But Mary was totally absent, save her one time appearance every year at Christmas.
When I joined (or was recruited into) the POS church in college, it was made very clear to me that as far as God was concerned, men were large and in charge. Women were to be secondary and submissive at all times.
When I left, I tried to be a traditional Christian that was, for the most part, still embracing traditional roles. I didn't find peace. In fact as time went by I felt that I was sliding deeper into the pit. I started having panic attacks in church.
It finally got to the point where I was sitting in my bathroom, crying uncontrollably. With the passage of time, my fear of God had dissipated to the point where the truth could come out.
I thought of Father God as an abuser, and I hated him.
If I could have honestly become an atheist at this point, I would have. But I knew deep down that there was something "out there". So my spiritual life looked like this: I believed in God, and God was a monster. A bad place to be.
It was in the middle of this struggle that I started reading "The Dance of the Dissident Daughter" by Sue Monk Kidd. Kidd was raised in a conservative Christian denomination (and was working as a Christian writer) when she started to investigate the "Divine Feminine", the female side of God.
Now, Kidd is pretty "let's dance on the beach under the full moon to celebrate our womanhood!" (No thank you), but there was so much that resonated in this book. I wasn't sure what to do with strange words like "Divine Feminine" and "Goddess". I heard angry voices in my head, yelling that to address God in the feminine was the most vile insult imaginable. God could never be female; invisible, inferior, incomplete.
Then I came to this section of the book, a prayer of Kidd's:
"Mothergod, I have nothing to hold me. No place to be, inside or out. I need to find a container of support, a space where my journey can unfold."
Mothergod. Mothergod. I could say this name, I could pray to this name, without fear or adrenaline rush or fists up or panic or anger.
And my Mothergod is Mary.
Kidd describes a moment with Mary in the book. She, like me, did not have a religious background that included her.
I was spending the night at the home of a Catholic family, and on the mantle in the guest bedroom was a porcelain statue of Mary. Standing upon a sliver of crescent moon, she was a mystery that called upon an inexplicable rush of feeling. I experienced what I suppose could be called a magnetic pull to the Feminine Divine. With a gesture of spontaneous adoration, I reached out and touched her, whispering the only words for her I knew: "Hail, Mary".
Mary whose female body kept God-on-earth alive. Mary whose words prompted Jesus to perform his first miracle (yes, I know he was a little lippy at first, but he came around eventually). Mary who was at the cross when most of the male disciples had fled (do you really want to argue that there were no female apostles? Really? REALLY?)
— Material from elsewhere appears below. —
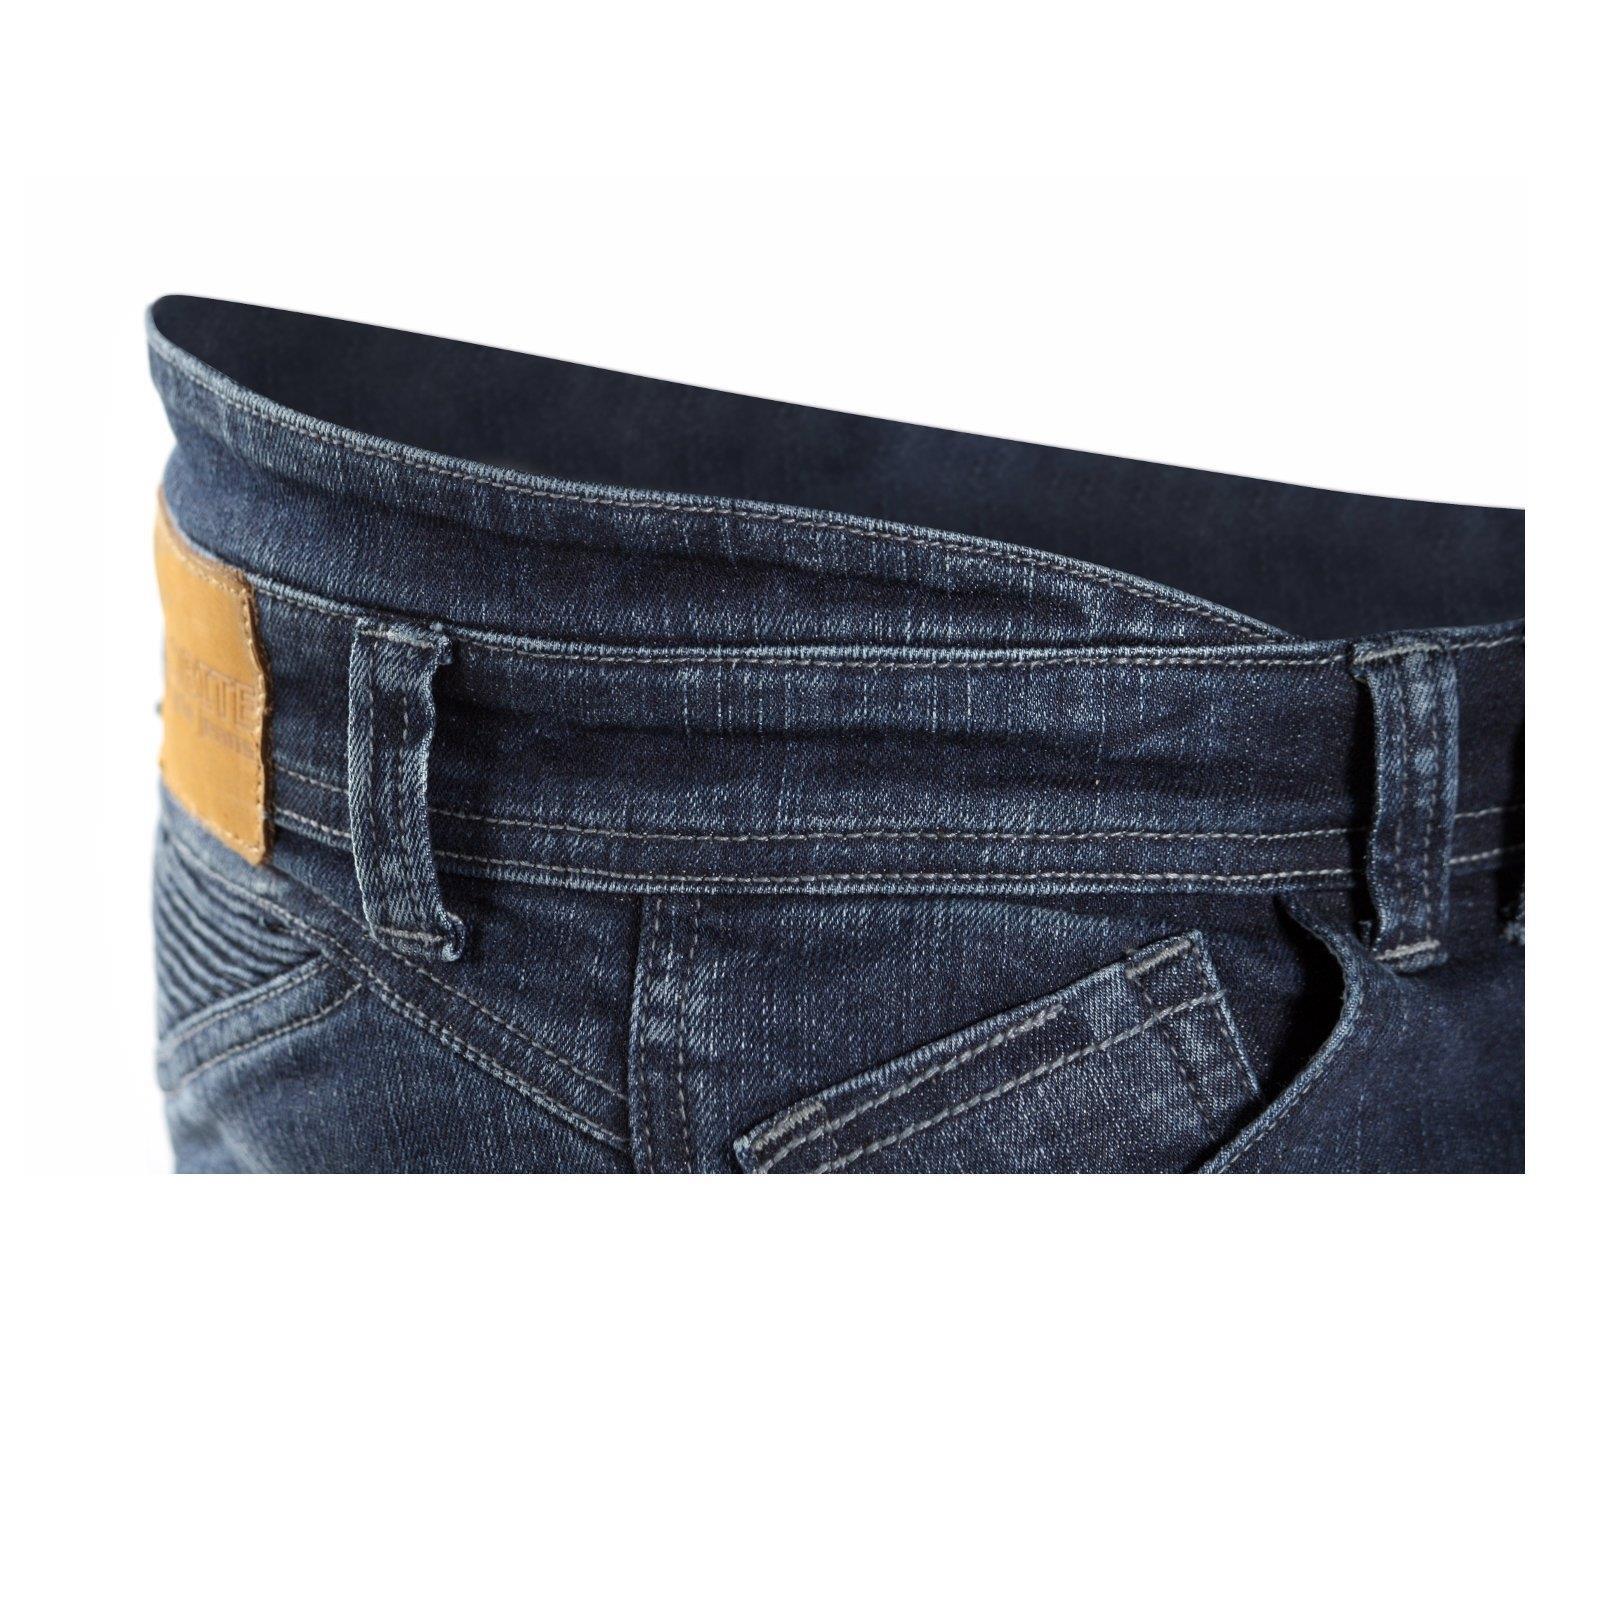 Trilobite-Pantaloni-Moto-Jeans-Abbigliamento-Parado-MICAS-URBAN-DUAL-PANTS-ACID miniatura 83

Mary is not quiet. Mary is not inferior. Mary does not glower at me with a list of rules, breathing fire and brimstone. Mary is not the monster.
Prayer is still weird for me, so I have a Virgin Mary candle instead. It sits on my windowsill along with my Episcopal prayer beads. It doesn't make sense, but Mary is ok with the prayer beads. She was an unmarried pregnant teenager. She gets that sometimes what is going on in your life looks odd to other people.
So I light the candle, and I watch it flicker in the window, and I know that Mary gets what is in my heart. I don't have to say.